2017-10

スポンサーサイト

上記の広告は1ヶ月以上更新のないブログに表示されています。
新しい記事を書く事で広告が消せます。

伊蔵の『お伊勢参り』/その15・『大喜』さんにて(後編)

n186200ps2.jpg
さて『大喜』さんの後編です。ひとりで食事をしてなかなか落ち着かなかった伊蔵は同じカウンター席に座っていたある男性客に話し掛けられた。仮に『Sさん』としておこう。食事とビールのみでは間が持たなかった伊蔵にとって旅先でのこの出会いはとても嬉しかった。

『ええ今日はたまたまひとりで伊勢に来たんですよ』

伊蔵はSさんにそう応えた。しばらく一緒に食事をしながらお酒を飲んでいると意外にもSさんも名古屋方面からみえた旅人だという事が分かり話も盛り上がった。また泊まっているホテルも伊蔵の利用ホテルのすぐ近くだという。彼は伊勢が好きでよくこの地を訪れているようで『大喜』さんにもたびたび足を運んでいるとの事。これは伊蔵はいいお客さんと知り合えたと思わずにはいられなかった。

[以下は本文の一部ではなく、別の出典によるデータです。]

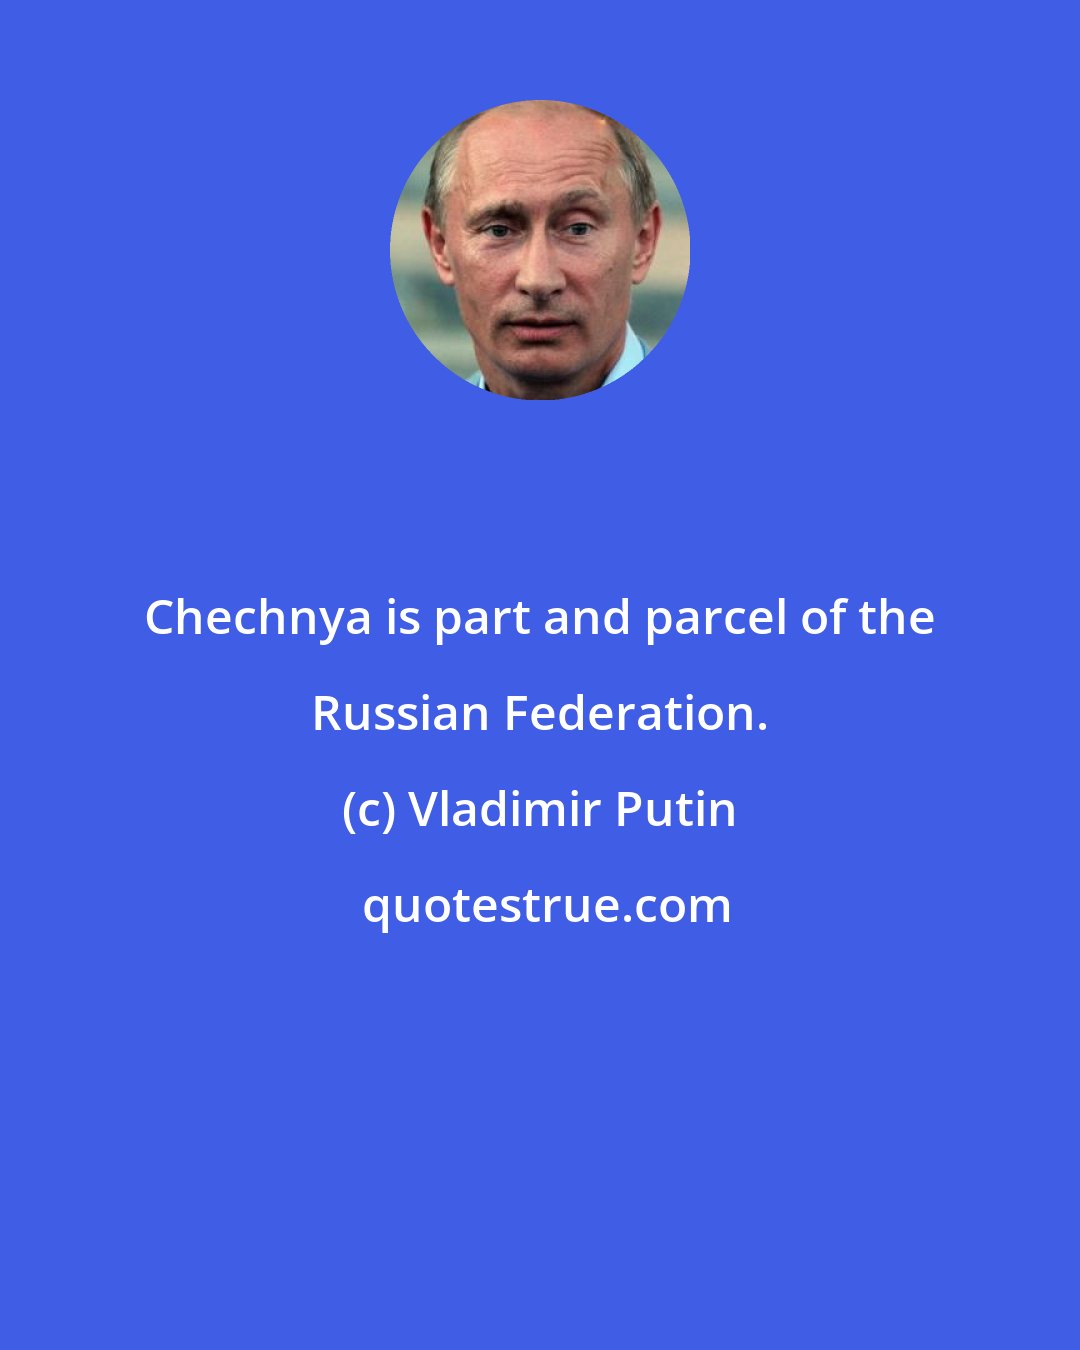 Vladimir Putin: Chechnya is part and parcel of the Russian Federation.

伊蔵はエビスから焼酎に切り変えた。麦焼酎であったが熟成ものらしくその色はほんのり黄色に色付いていた。Sさんにもこの焼酎は美味しいよと薦められた。いつも通りロックで頂く。微かに酔いも回って来て来店した時の緊張感も少しづつ解れて来ていた。食事の方も目の前の板前さんが握る寿司がとても気になりSさんの薦めもあっていくつか食べてみる事にした。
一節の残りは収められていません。